WHAT IS BEING ASKED
Apart from the pictures, every line below needs to be reproduced verbatim.

DATA SEGMENT
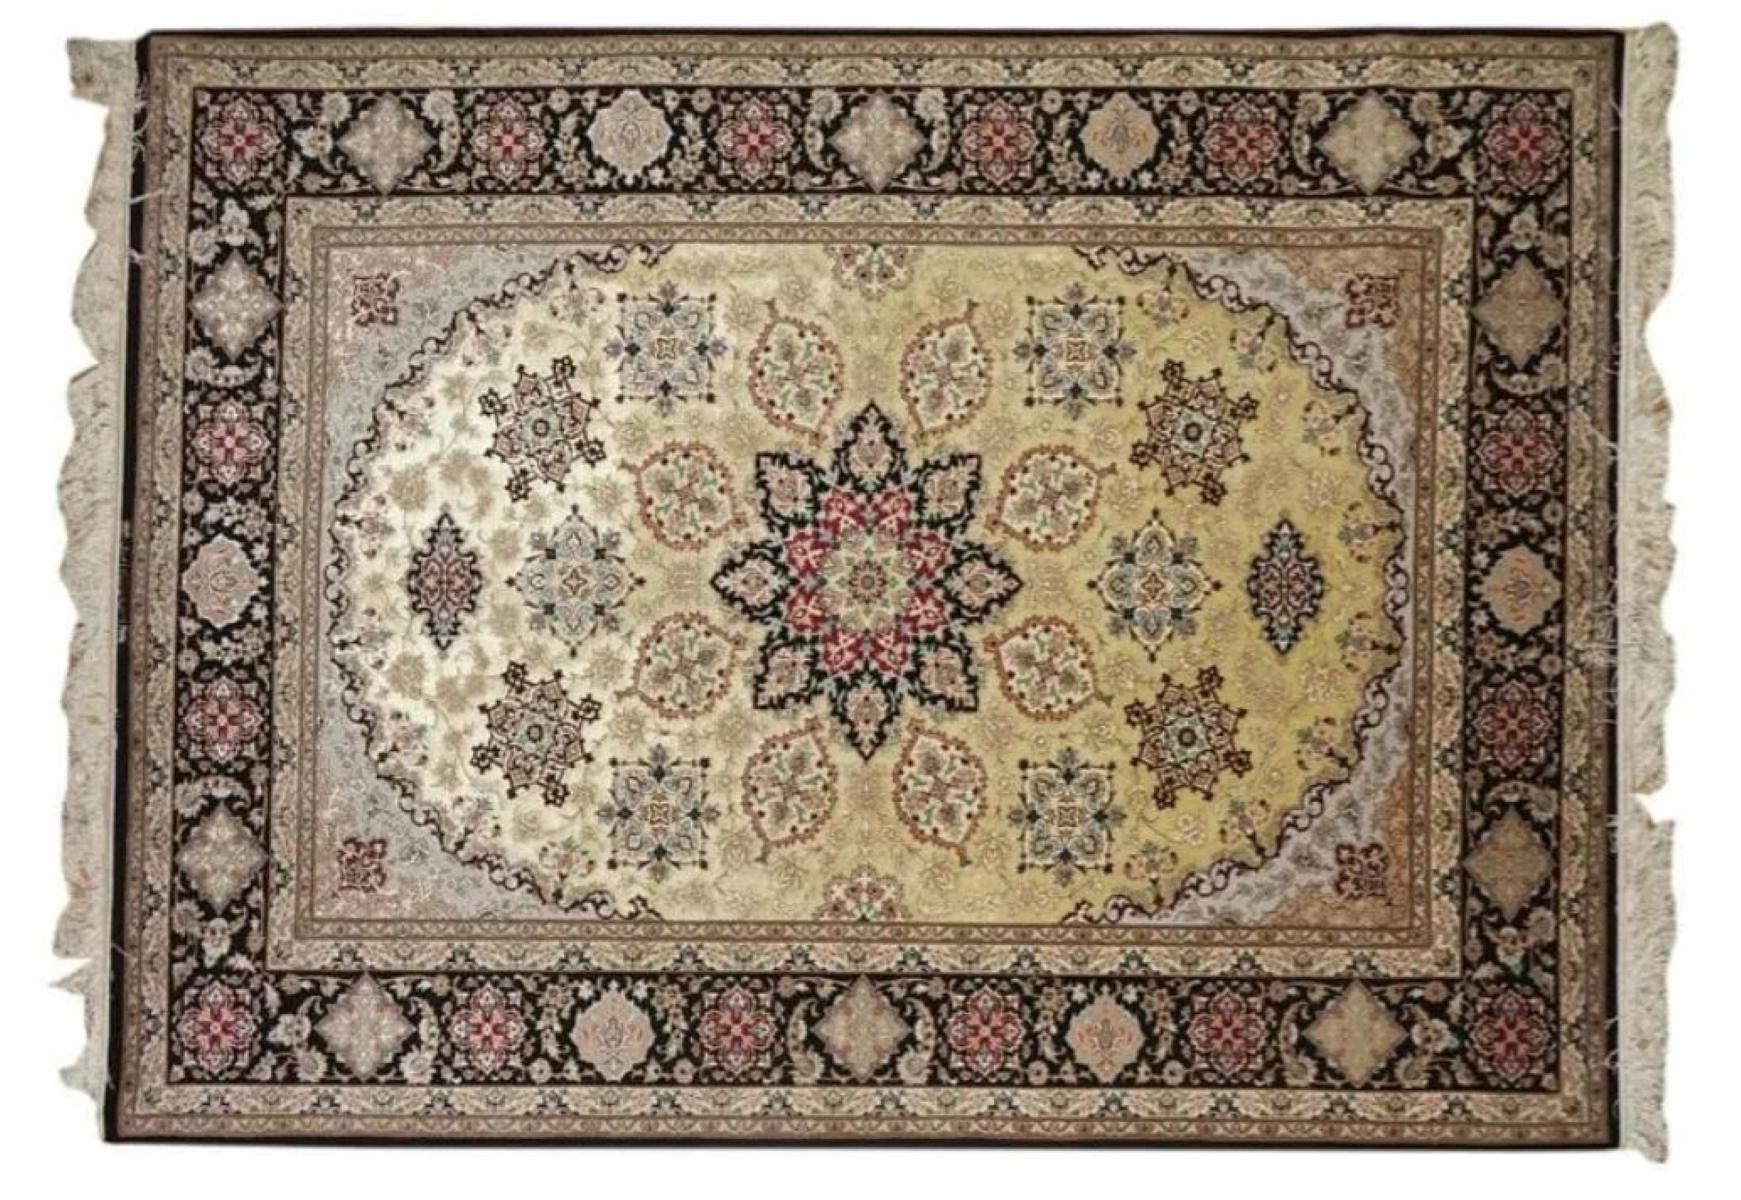 Très beau tapis persan d'Ispahan en soie et laine - 7,8' x 5'
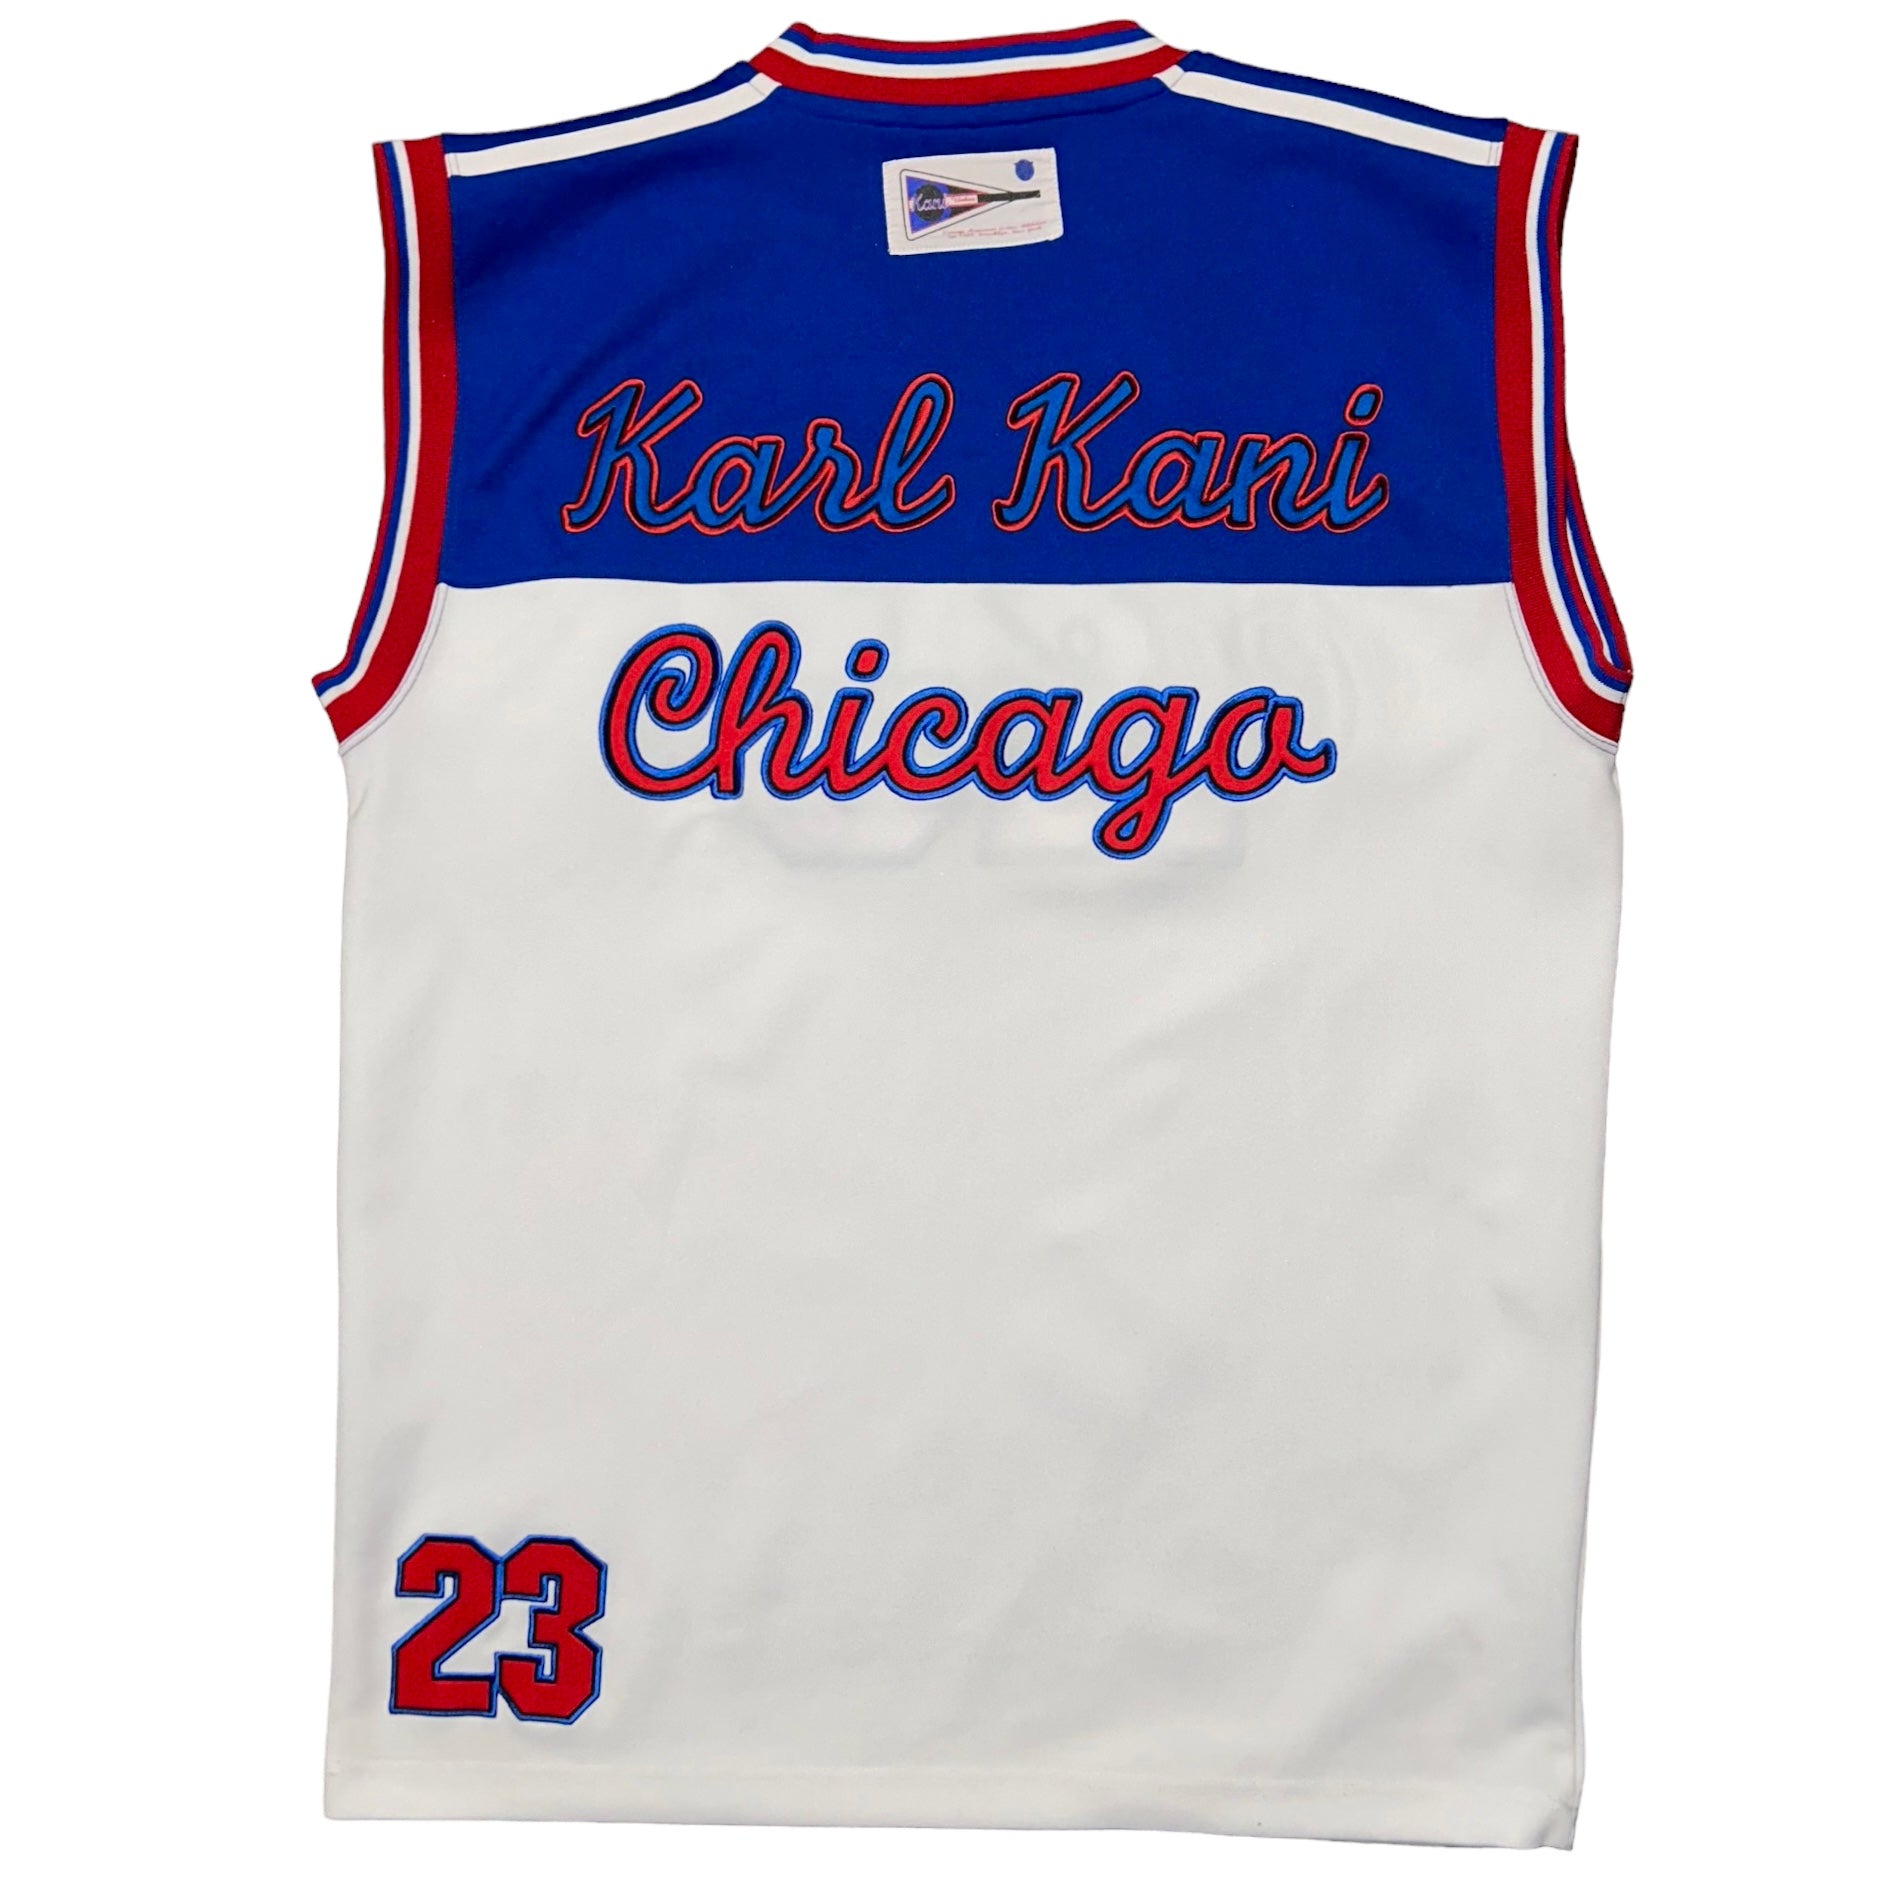 Karl Kani Chicago Suit (XL)
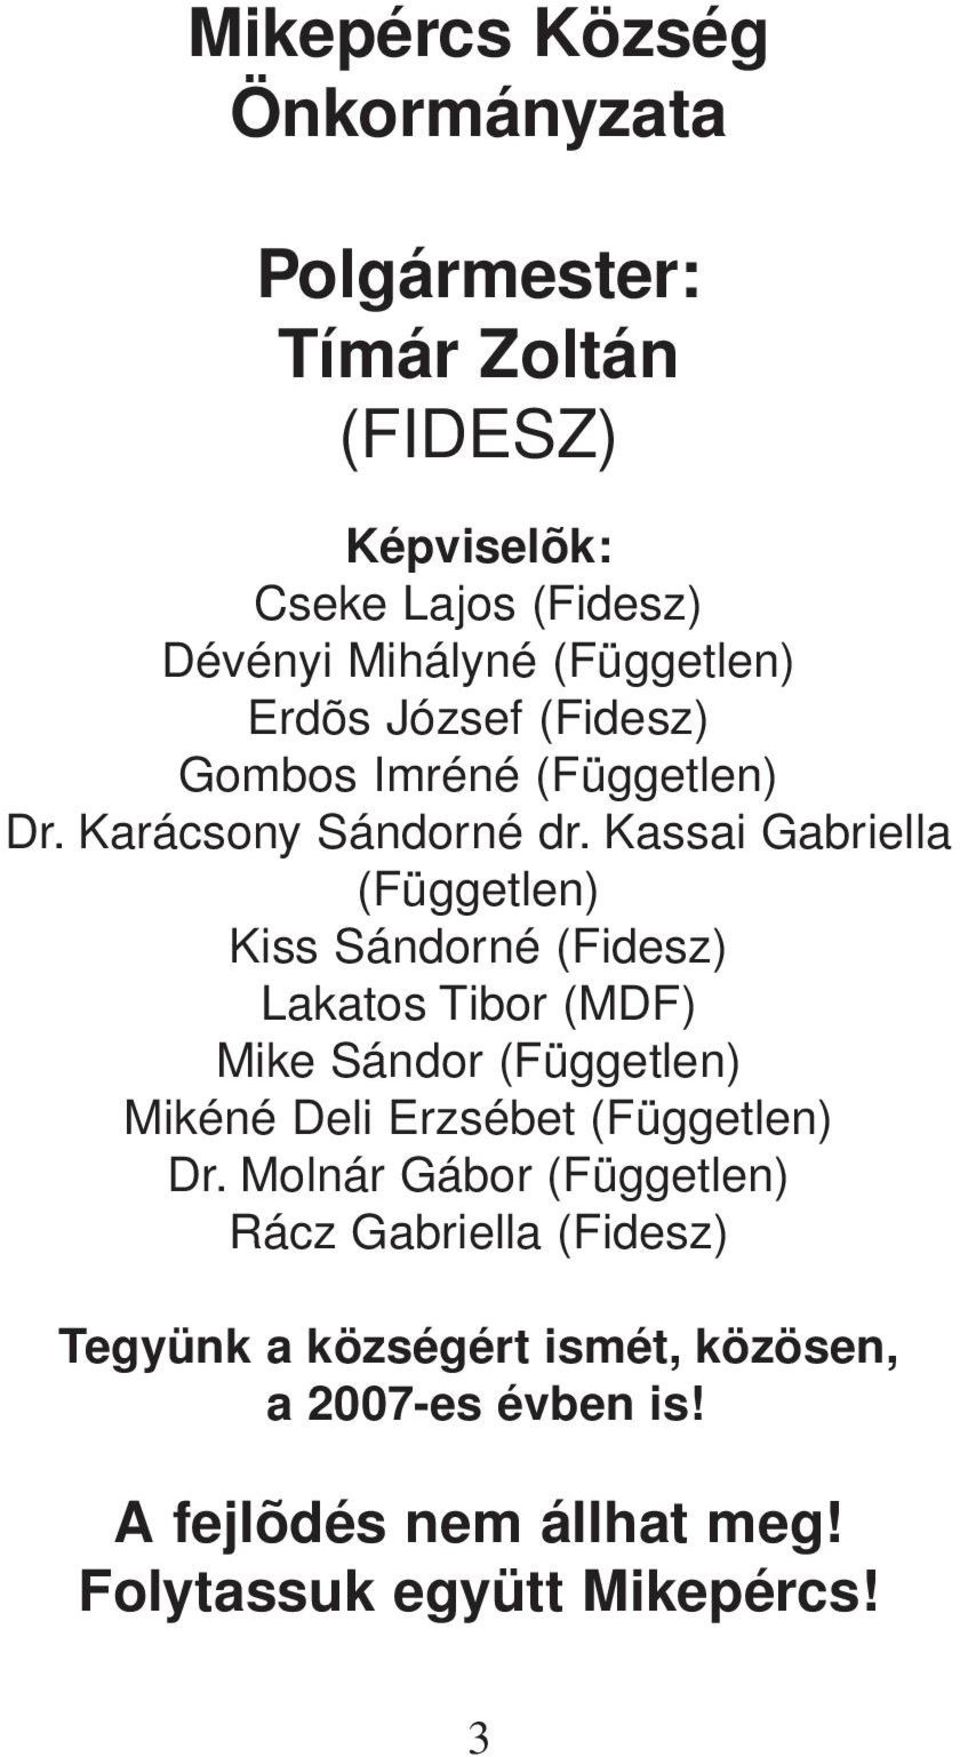 assai Gabriella (Független) iss Sándorné (Fidesz) Lakatos Tibor (MDF) Mike Sándor (Független) Mikéné Deli Erzsébet

SOLUTION TO THIS EXERCISE
 Très beau tapis persan d'Ispahan en soie et laine - 7,8' x 5'
 Karl Kani Chicago Suit (XL)
 assai Gabriella (Független) iss Sándorné (Fidesz) Lakatos Tibor (MDF) Mike Sándor (Független) Mikéné Deli Erzsébet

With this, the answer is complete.